■ Exercise prompt ■
This exercise calls for the data below to be retyped exactly, minus any images.

■ Dataset extract ■
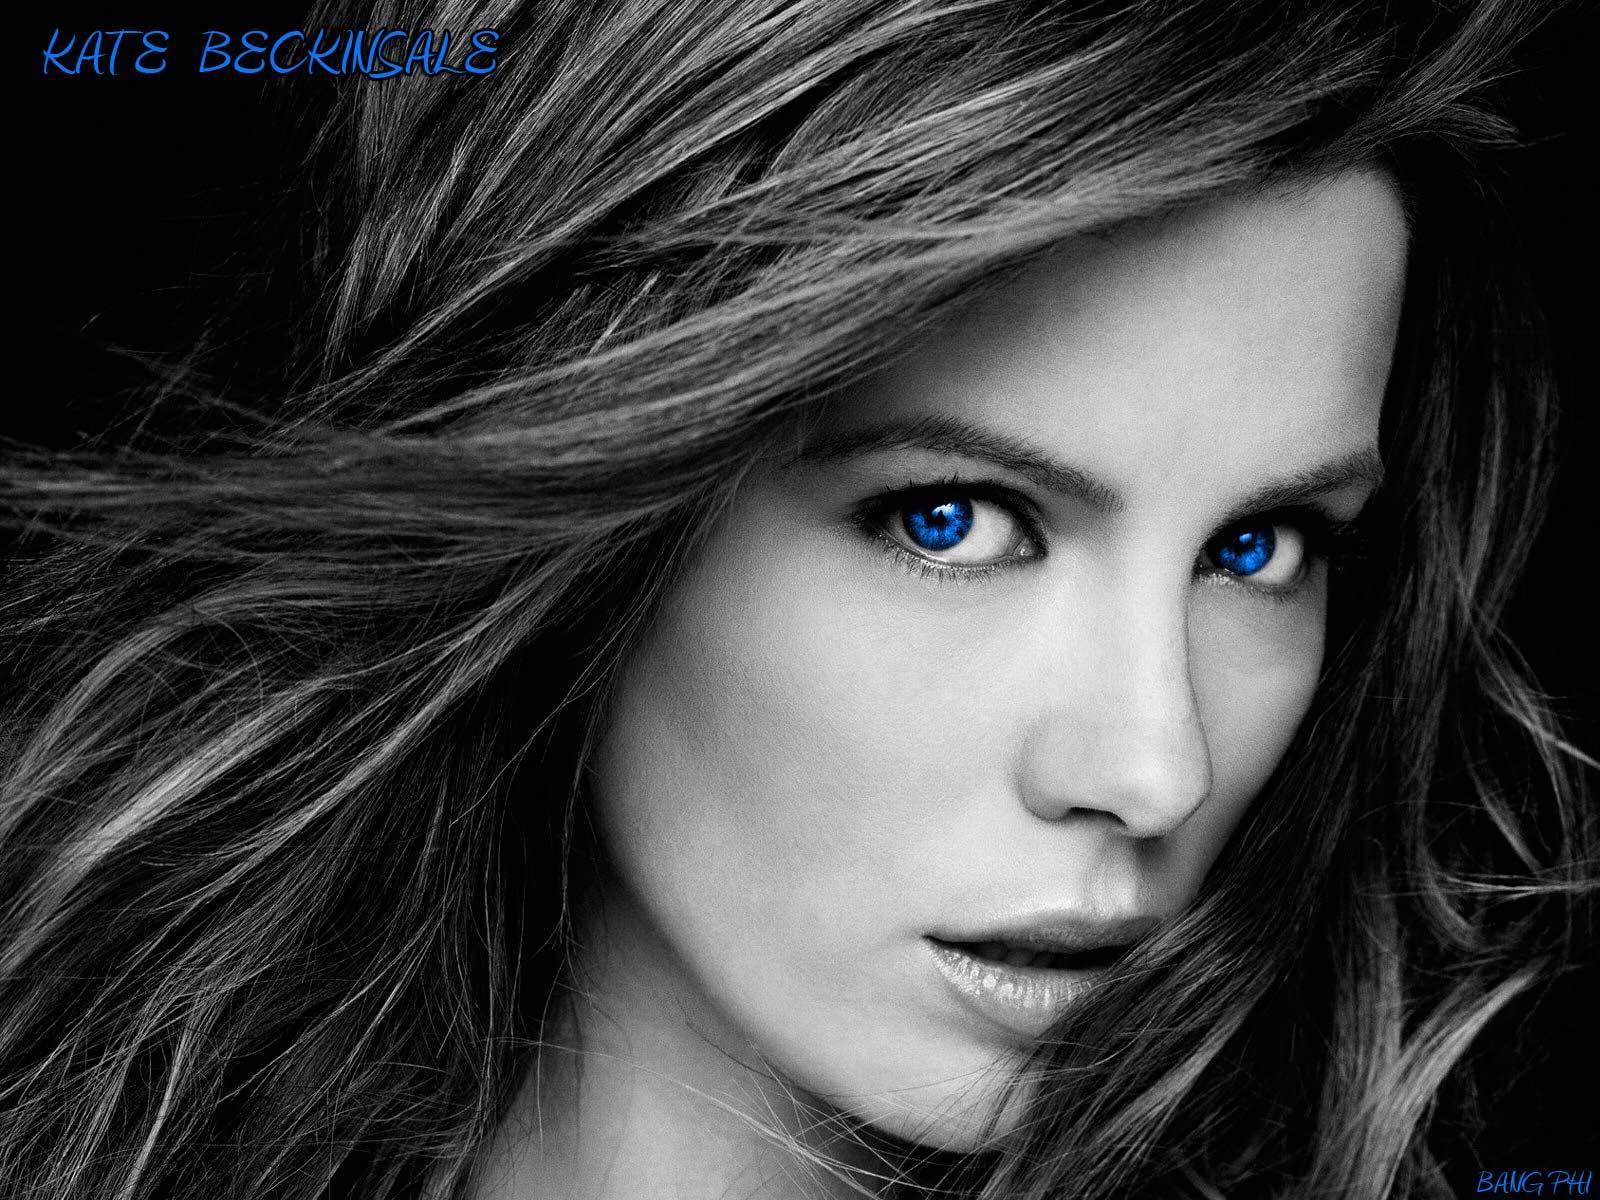 http://2.bp.blogspot.com/-v8UoGDE0g7M/TxF2Q0B5oBI/AAAAAAAAEbg/W6Oe5ZAZs3g/s1600/Kate-Beckinsale.jpg
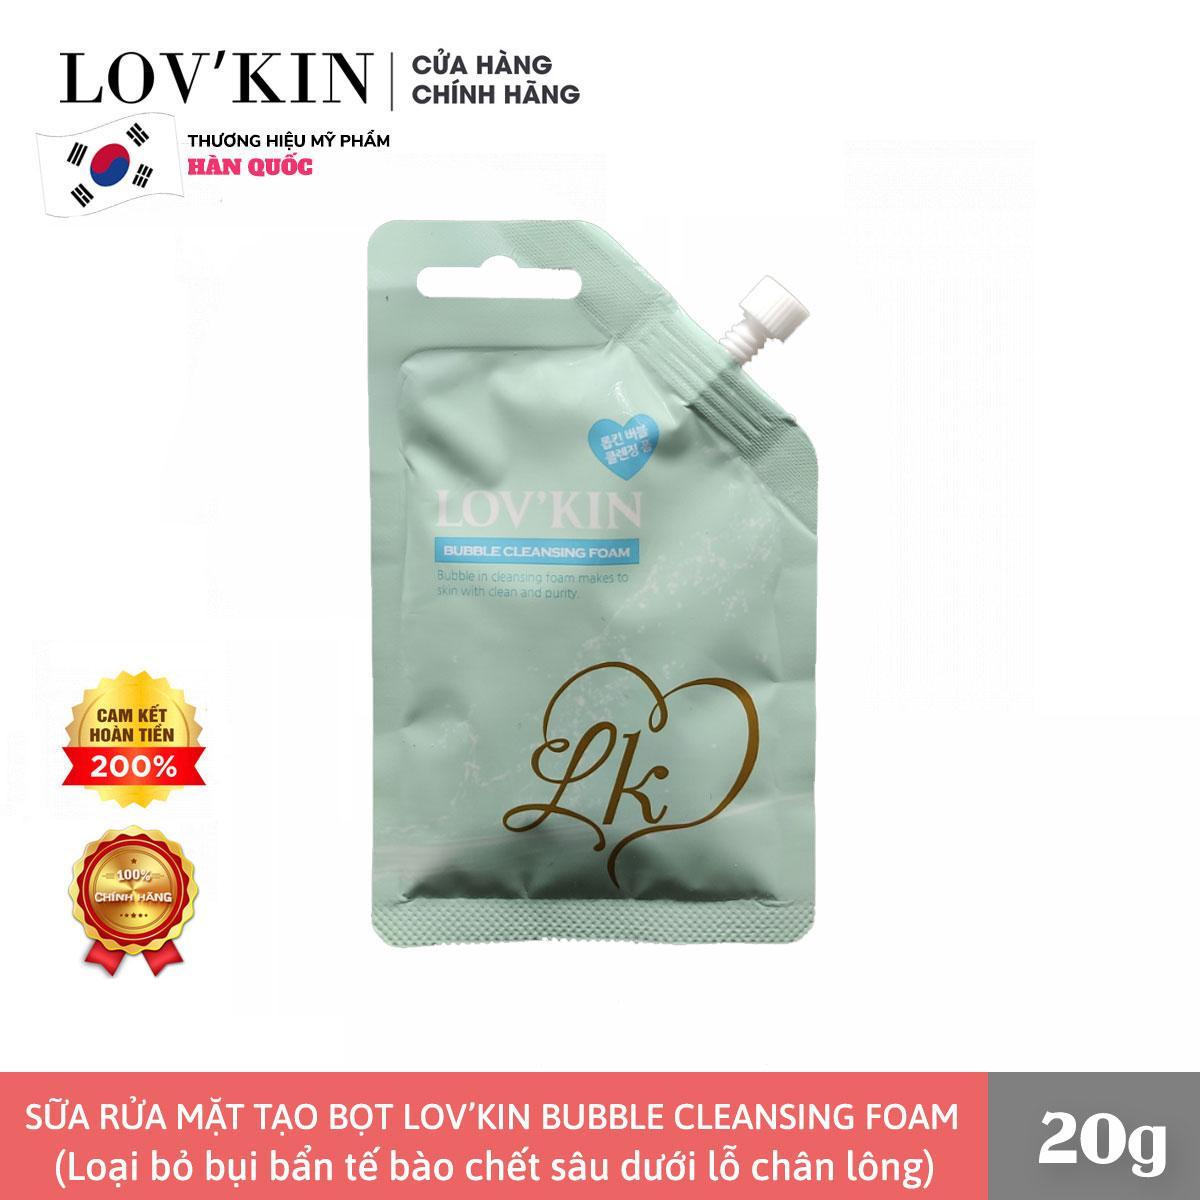 Sữa Rửa Mặt Tạo Bọt LOVKIN Bubble Cleansing Foam (Gói mini 20g)
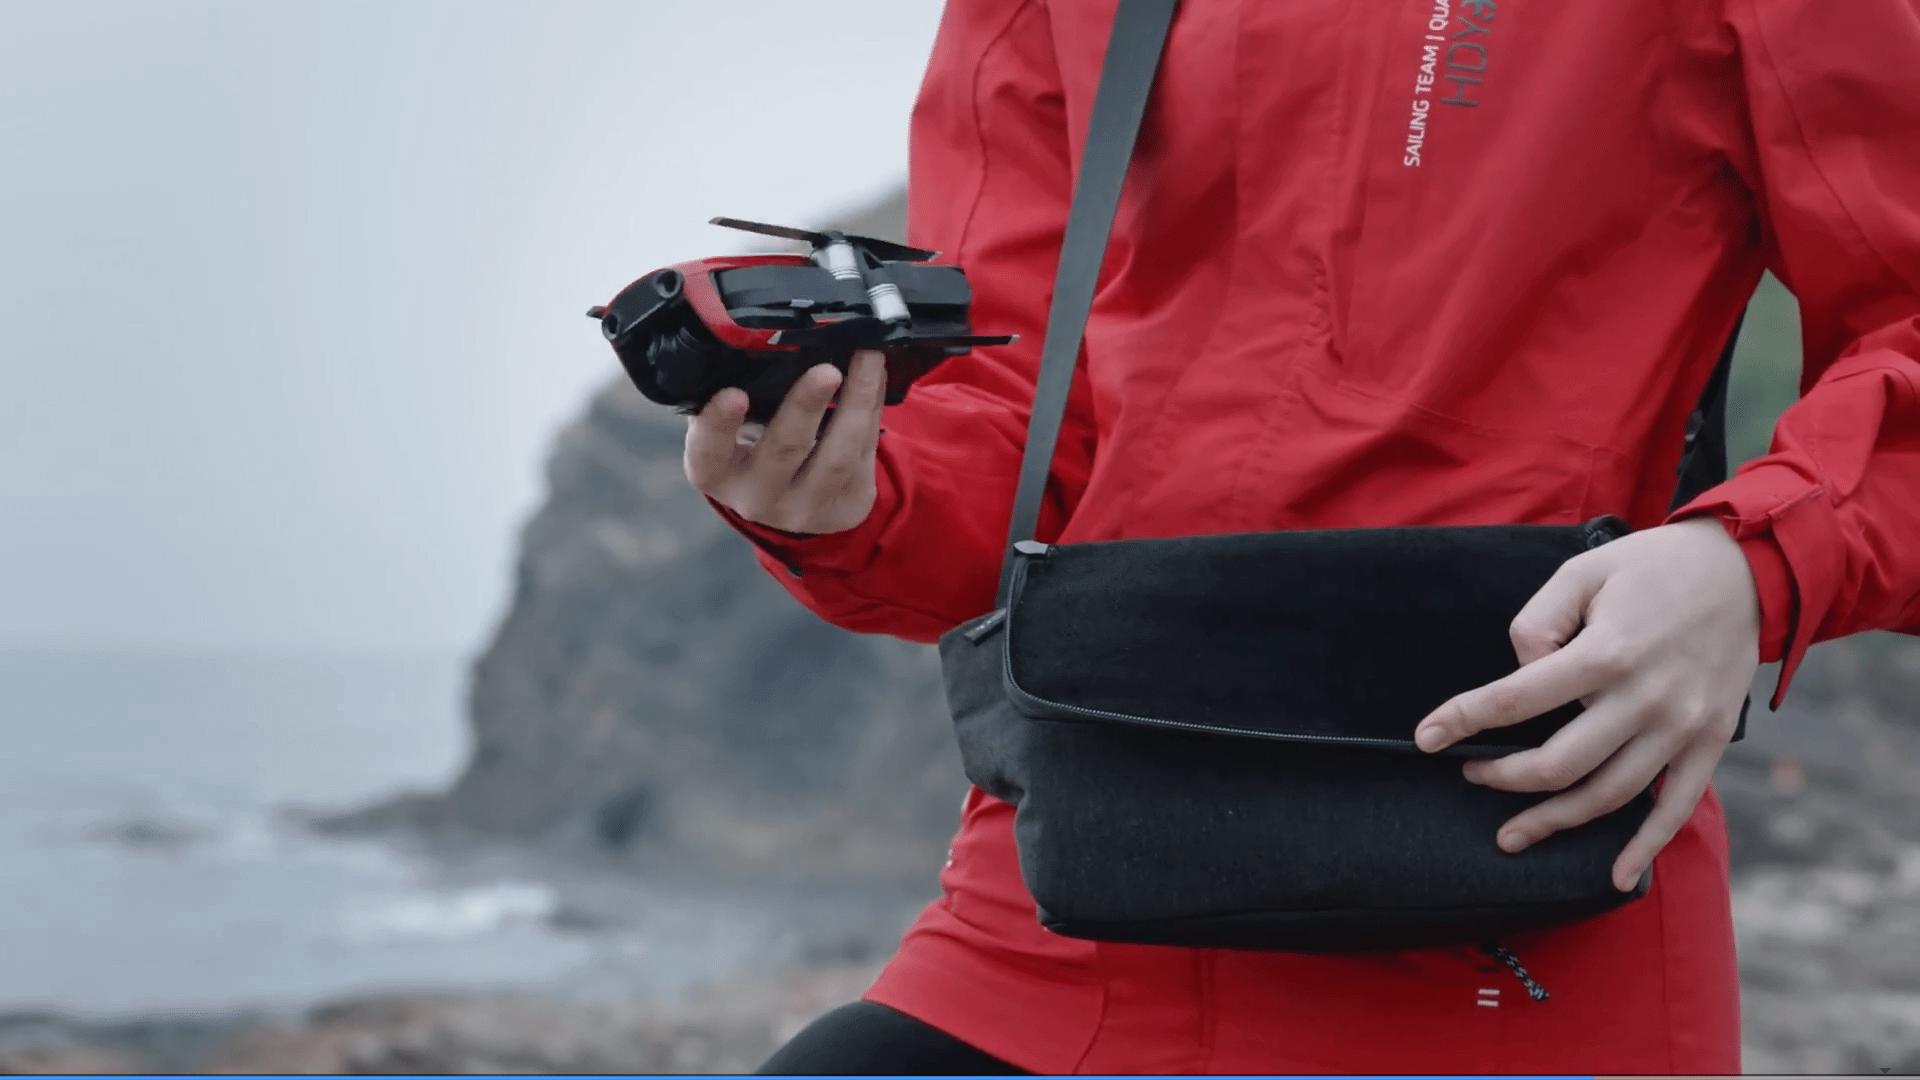 Dji lança mavic air, o drone compacto e poderoso. Num evento que ocorreu hoje, em nova iorque, a dji lançou seu mais novo drone. Com foco voltado para os aventureiros, o mavic air conta com câmera que filma em 4k e muito mais.

■ Task response ■
 http://2.bp.blogspot.com/-v8UoGDE0g7M/TxF2Q0B5oBI/AAAAAAAAEbg/W6Oe5ZAZs3g/s1600/Kate-Beckinsale.jpg
 Sữa Rửa Mặt Tạo Bọt LOVKIN Bubble Cleansing Foam (Gói mini 20g)
 Dji lança mavic air, o drone compacto e poderoso. Num evento que ocorreu hoje, em nova iorque, a dji lançou seu mais novo drone. Com foco voltado para os aventureiros, o mavic air conta com câmera que filma em 4k e muito mais.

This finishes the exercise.